PCR amplification of 3 exons contained in the CDKN2A gene is performed on the patient's genomic DNA. Direct sequencing of amplification products is performed in both forward and reverse directions, using automated fluorescence dideoxy sequencing methods. The patient's gene sequences are then compared to a normal reference sequence. Sequence variations are classified as mutations, benign variants unrelated to disease, or variations of unknown clinical significance. Variants of unknown clinical significance may require further studies of the patient and/or family members. This assay does not interrogate the promoter region, deep intronic regions, or other regulatory elements, and does not detect large deletions.


Clinical Sensitivity: Germ line CDKN2A mutations have been detected in up to 25% of melanoma-prone families worldwide. Mutations in the promoter region, some mutations in the introns and other regulatory element mutations cannot be detected by this analysis. Large deletions will not be detected by this analysis. Results of molecular analysis should be interpreted in the context of the patient's biochemical phenotype.

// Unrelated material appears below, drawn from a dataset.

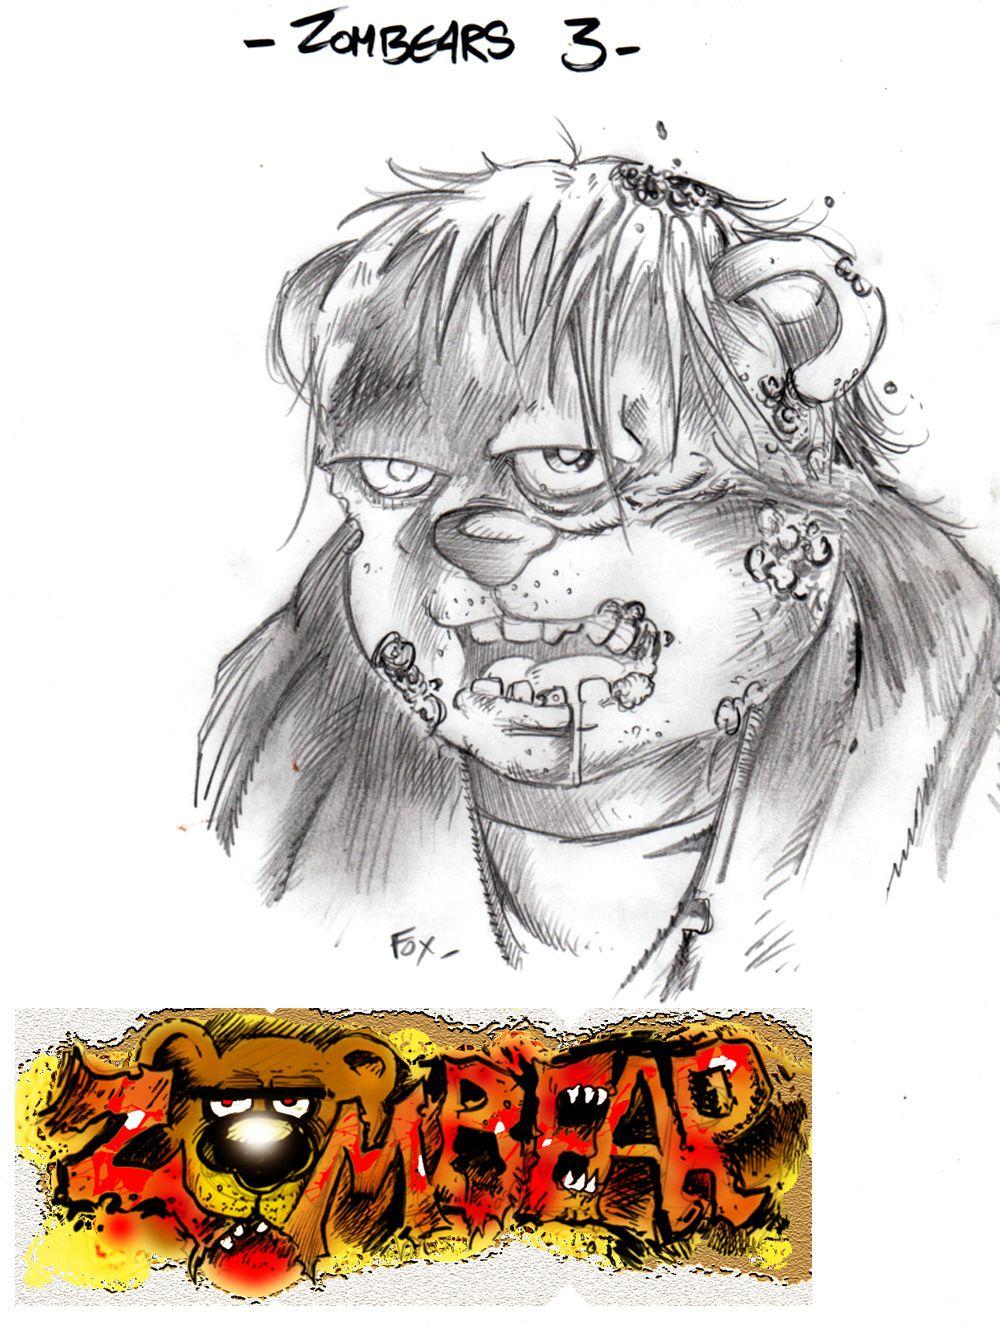 zombear 3

Analytical Sensitivity: ~99%

Specimen Requirements

Listed below are EGL's preferred sample criteria. For any questions, please call 470.378.2200 and ask to speak with a laboratory genetic counselor (
Submit only 1 of the following specimen types
Whole Blood (EDTA)

EDTA (Purple Top)
Infants and Young Children (<2 years of age): 2-3 ml
Children > 2 years of age to 10 years old: 3-5 ml
Older Children & Adults: 5-10 ml
Autopsy: 2-3 ml unclotted cord or cardiac blood
Collection and Shipping
Ship sample at room temperature for receipt at EGL within 72 hours of collection. Do not freeze.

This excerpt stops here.